Venue: San Diego County, Calif.
Offer: $5 million (during jury deliberations).
Plaintiff: Russell Sheaffer.
Defendants: NuCO2, Thomas J. Mose.
Insurer: American International Group (excess) for NuCO2.
Russell Sheaffer, 24, was a Ph.D. student at Indiana State University who was working in California on a documentary in November 2012. While driving his Toyota Solara on southbound Interstate 15 in Escondido, he stopped behind two other vehicles. A 35,000-pound Freightliner tanker driven by Thomas Mose, and owned by his employer, NuCO2, was traveling at high speeds and crashed into the rear of five vehicles, causing a chain-reaction accident.

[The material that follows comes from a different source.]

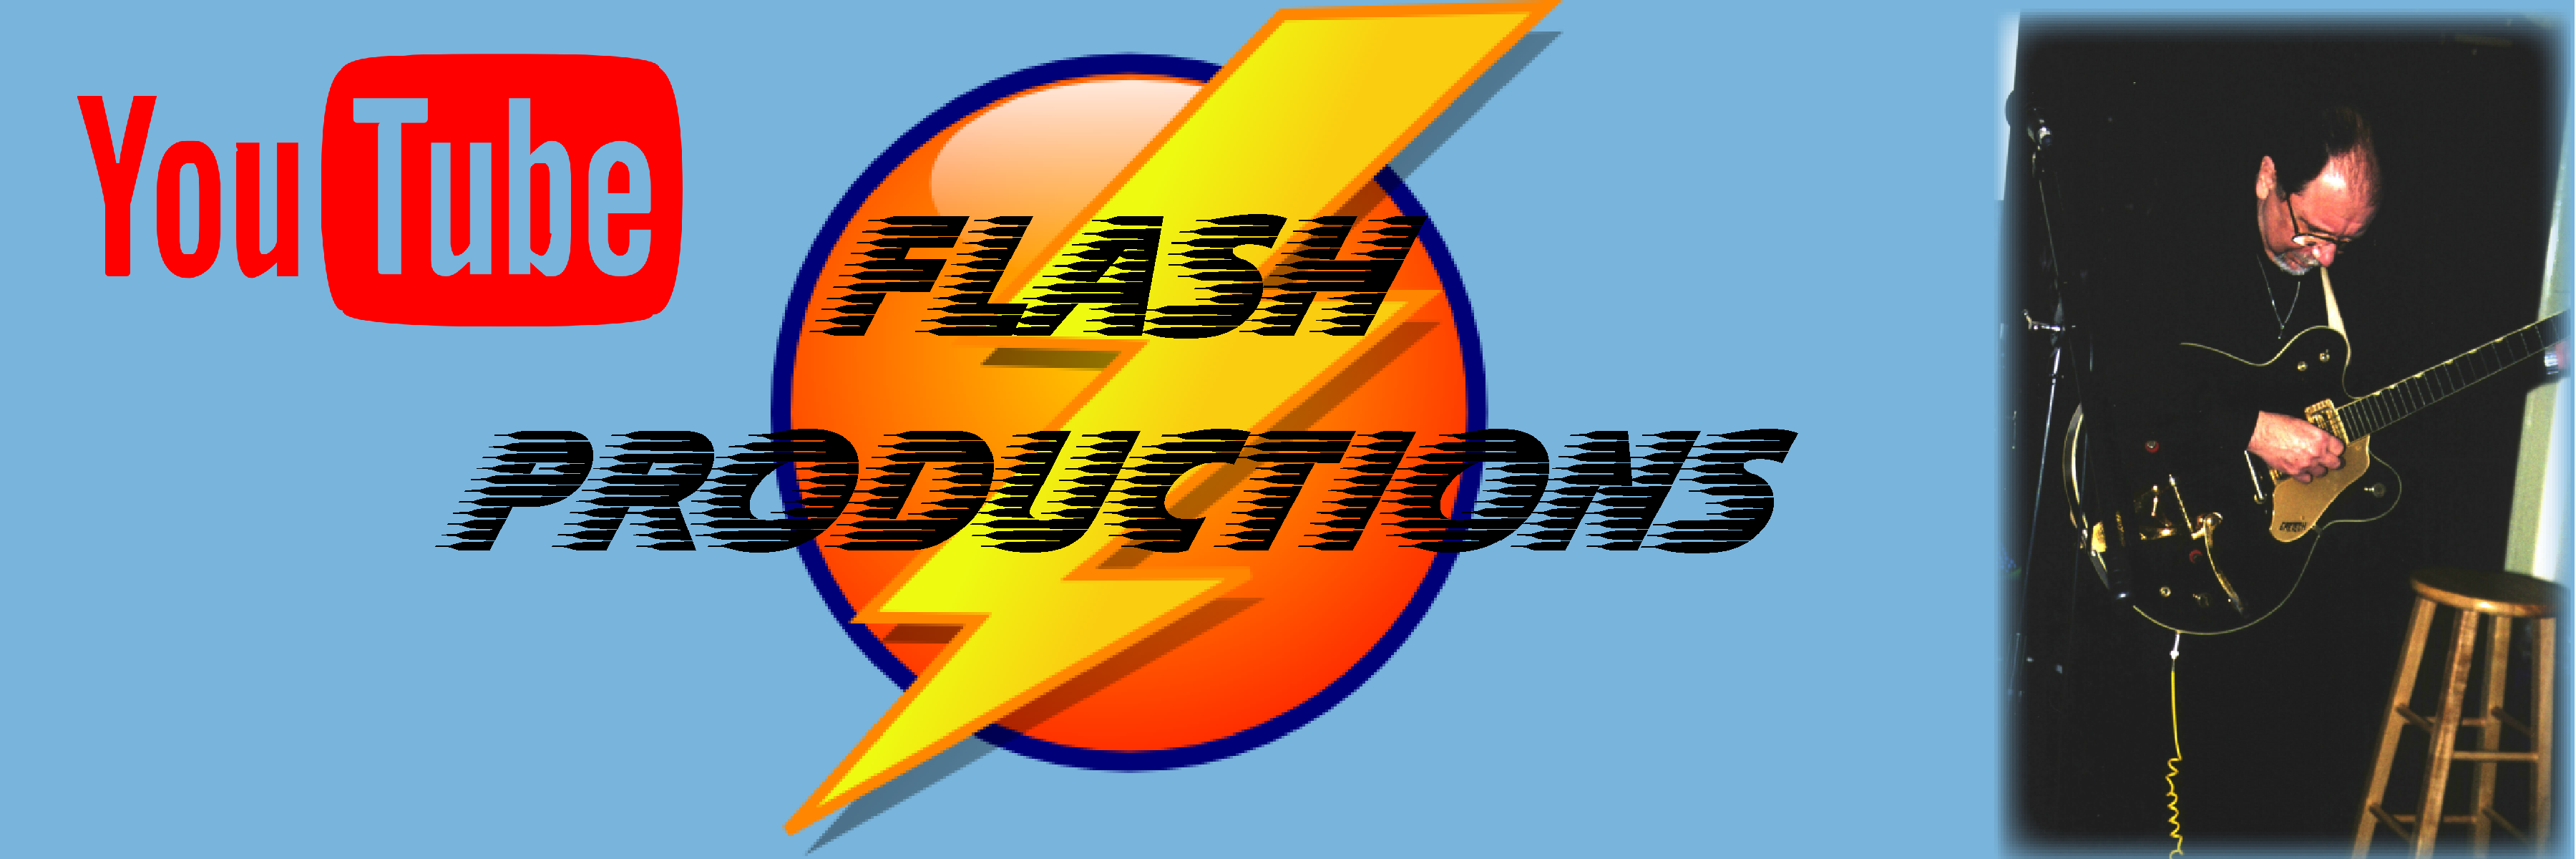 Flash Productions Tou Tube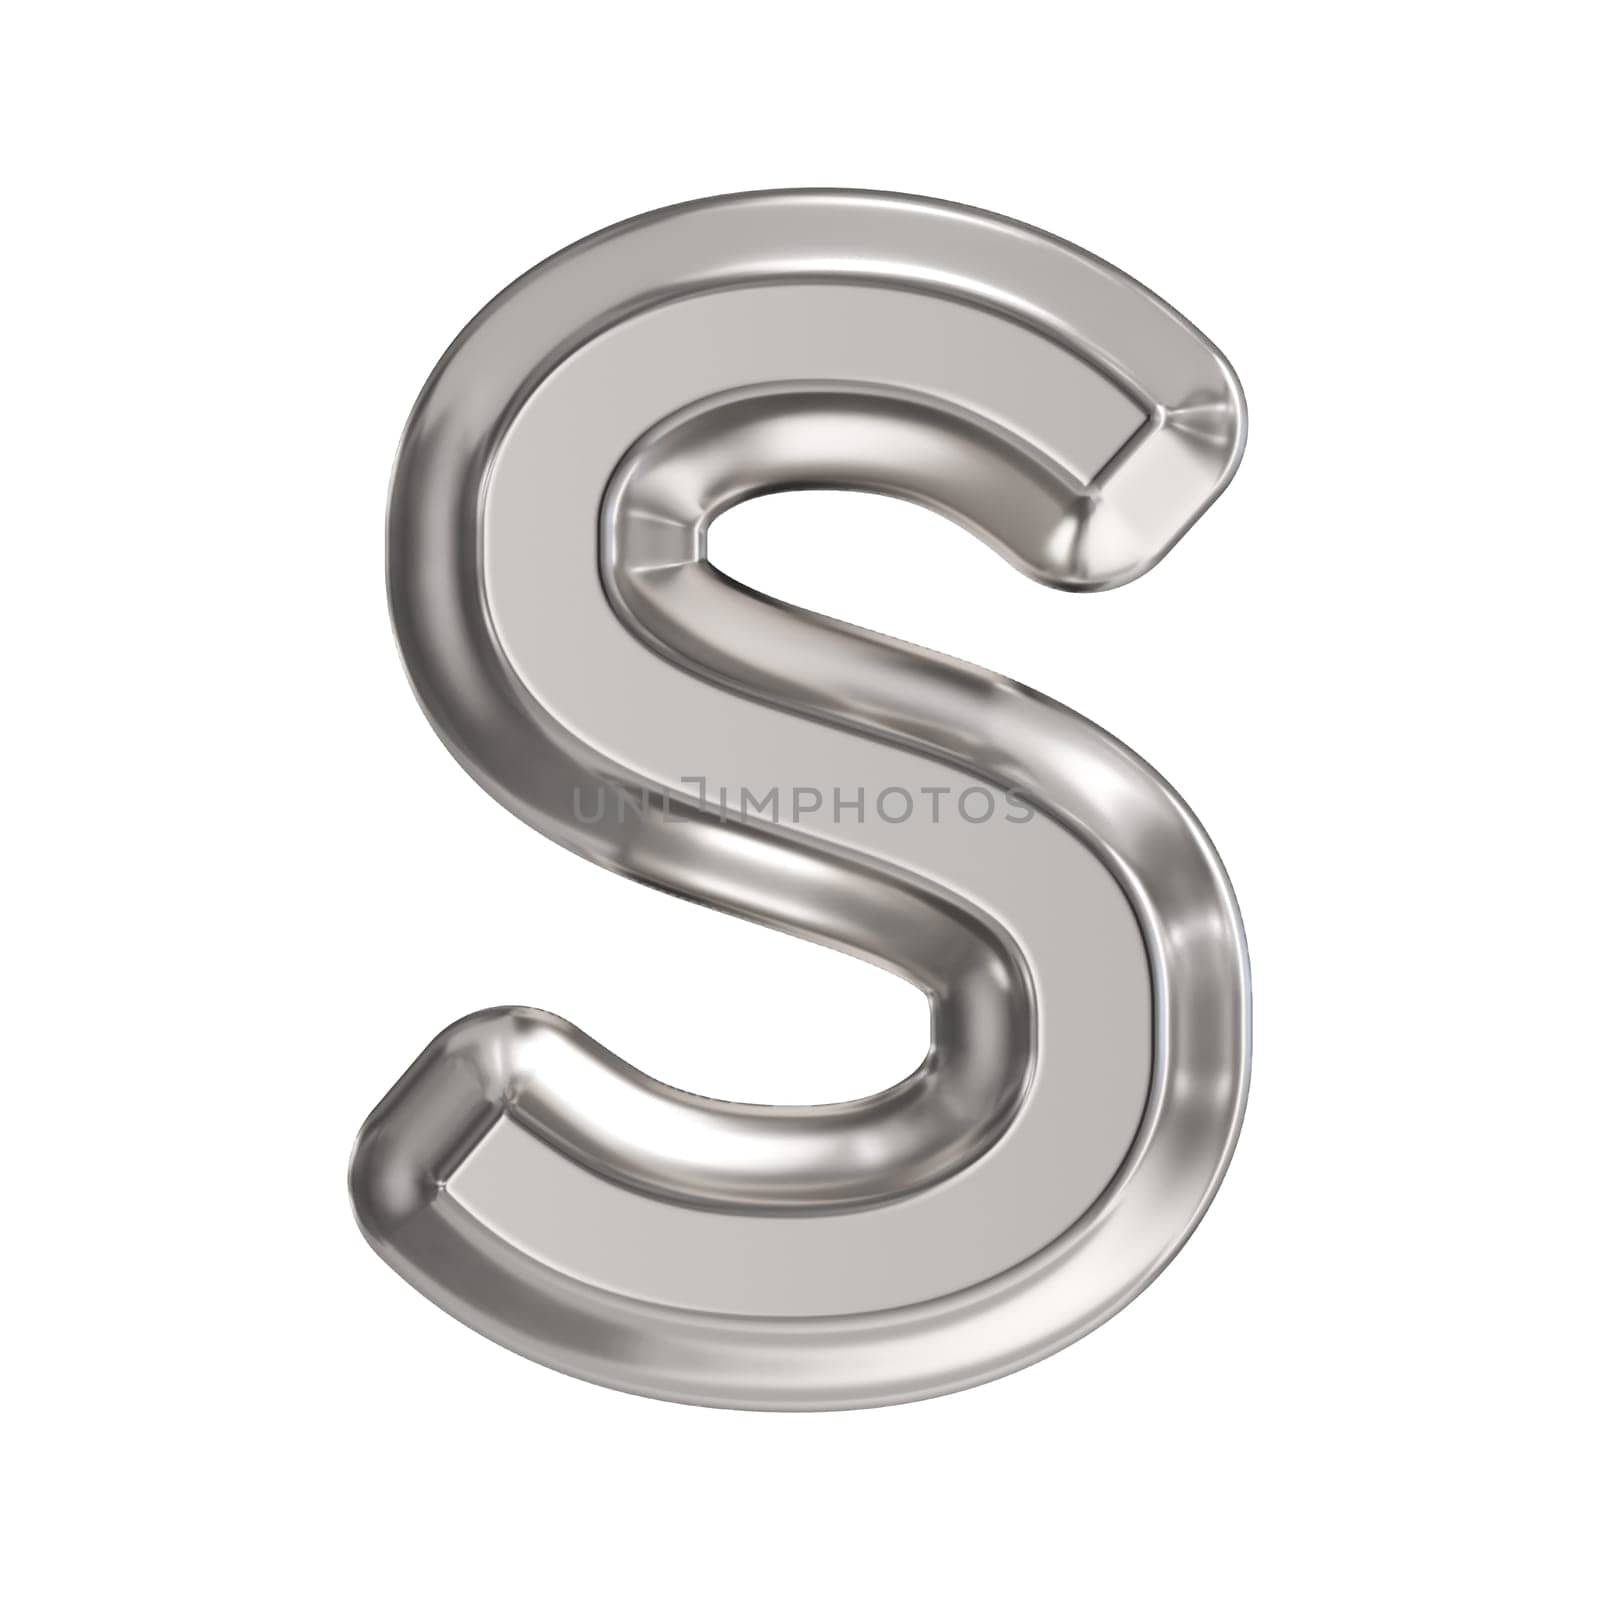 Steel font Letter S 3D rendering illustration isolated on white background

Sheaffer's vehicle was struck from behind, causing his driver's seat to break before his car was propelled into the sport utility vehicle in front of him. He suffered multiple head injuries and fractures to his face and jaw in addition to a concussion. He was hospitalized for three days after undergoing surgery and sustained what was identified as a mild complex/moderate traumatic brain injury. His jaw was wired shut for eight weeks and underwent subsequent surgeries for pain sustained from his injuries.
Sheaffer alleged that Mose was negligent, and that he and NuCO2 were liable for Sheaffer's injuries. The defendants later admitted liability.
After the accident, Sheaffer continued his Ph.D. program, maintained a nearly 4.0 grade point average, and completed the program. In addition, he received a fellowship and was named one of 110 film students to watch by Variety magazine just two weeks before the trial in June 2015. He attended film festivals around the globe, taught graduate and undergraduate classes, got married and never missed a day of classes following the accident.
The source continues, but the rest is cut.